CREATE TEMP TABLE temp_tbl AS (
  SELECT
    date :: TIMESTAMP,
    0.0 AS price
  FROM generate_series('1997-12-26' :: TIMESTAMP,
                       '1998-01-01' :: TIMESTAMP,
                       '1 day' :: INTERVAL) AS date
);
SELECT *
FROM (
  SELECT
    date :: DATE,
    array_to_json(
      array_agg(price)
        OVER (
          ORDER BY date
          ROWS BETWEEN 5 PRECEDING AND CURRENT ROW
        )
    ) AS sequences
  FROM (
    SELECT
      date,
      price
    FROM sp500.daily
    WHERE ticker = 'aapl'
    ) AS tbl
  FULL OUTER JOIN temp_tbl USING (date, close)
) AS tbl
WHERE date >= '1998-01-02'
ORDER BY date
LIMIT 10;
Date Sequences
1998-01-02 [0.0,0.0,0.0,0.0,0.0,3.95098]
1998-01-05 [0.0,0.0,0.0,0.0,3.95098,3.8902]
1998-01-06 [0.0,0.0,0.0,3.95098,3.8902,4.60502]
1998-01-07 [0.0,0.0,3.95098,3.8902,4.60502,4.24032]
1998-01-08 [0.0,3.95098,3.8902,4.60502,4.24032,4.39107]
1998-01-09 [3.95098,3.8902,4.60502,4.24032,4.39107,4.43726]
1998-01-12 [3.8902,4.60502,4.24032,4.39107,4.43726,4.46886]
1998-01-13 [4.60502,4.24032,4.39107,4.43726,4.46886,4.76306]
1998-01-14 [4.24032,4.39107,4.43726,4.46886,4.76306,4.78738]
1998-01-15 [4.39107,4.43726,4.46886,4.76306,4.78738,4.66581]

Now the first sequences are left-padded with 0 so that every sequence has the same length.

Final thoughts

So there you have it: striding data in the database is as simple as array_agg with a frame clause.
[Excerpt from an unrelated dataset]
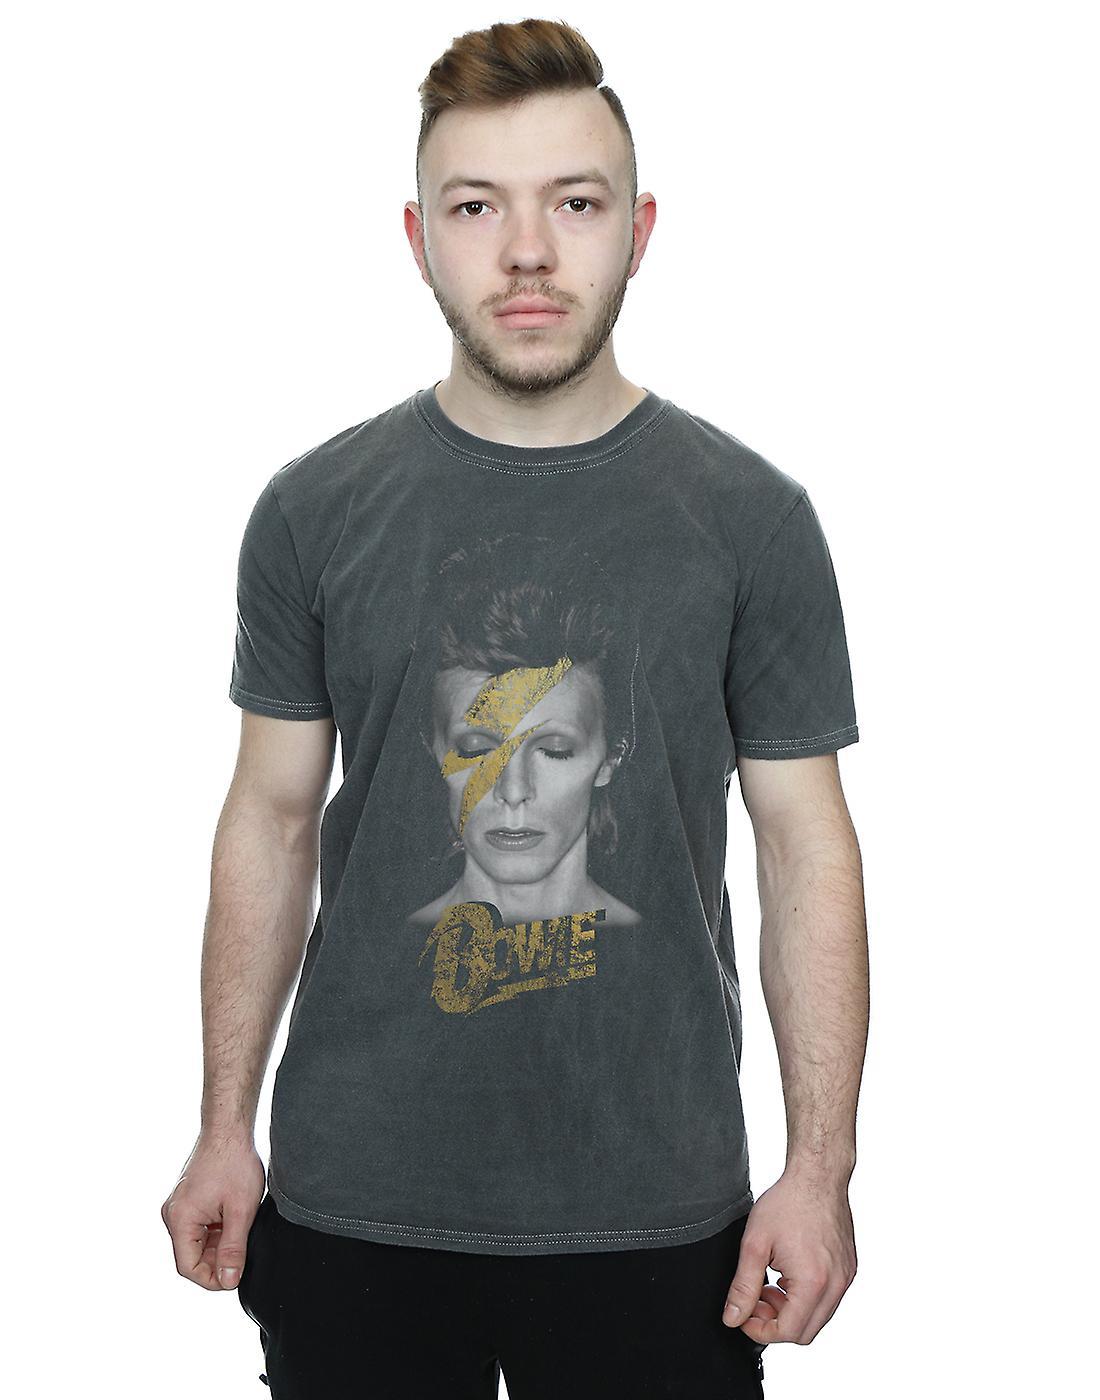 David Bowie Girls Aladdin Sane Gold Bolt T-Shirt

If you like, you can insert a few rows at the beginning (or end) of the table to pad the data so that each sequence has the same length.

Doing this in the database means you can run the same query from any language and get the same result. So if you prototype in R but use Python for production you can reuse the same SQL code — no need to translate dplyr to Pandas.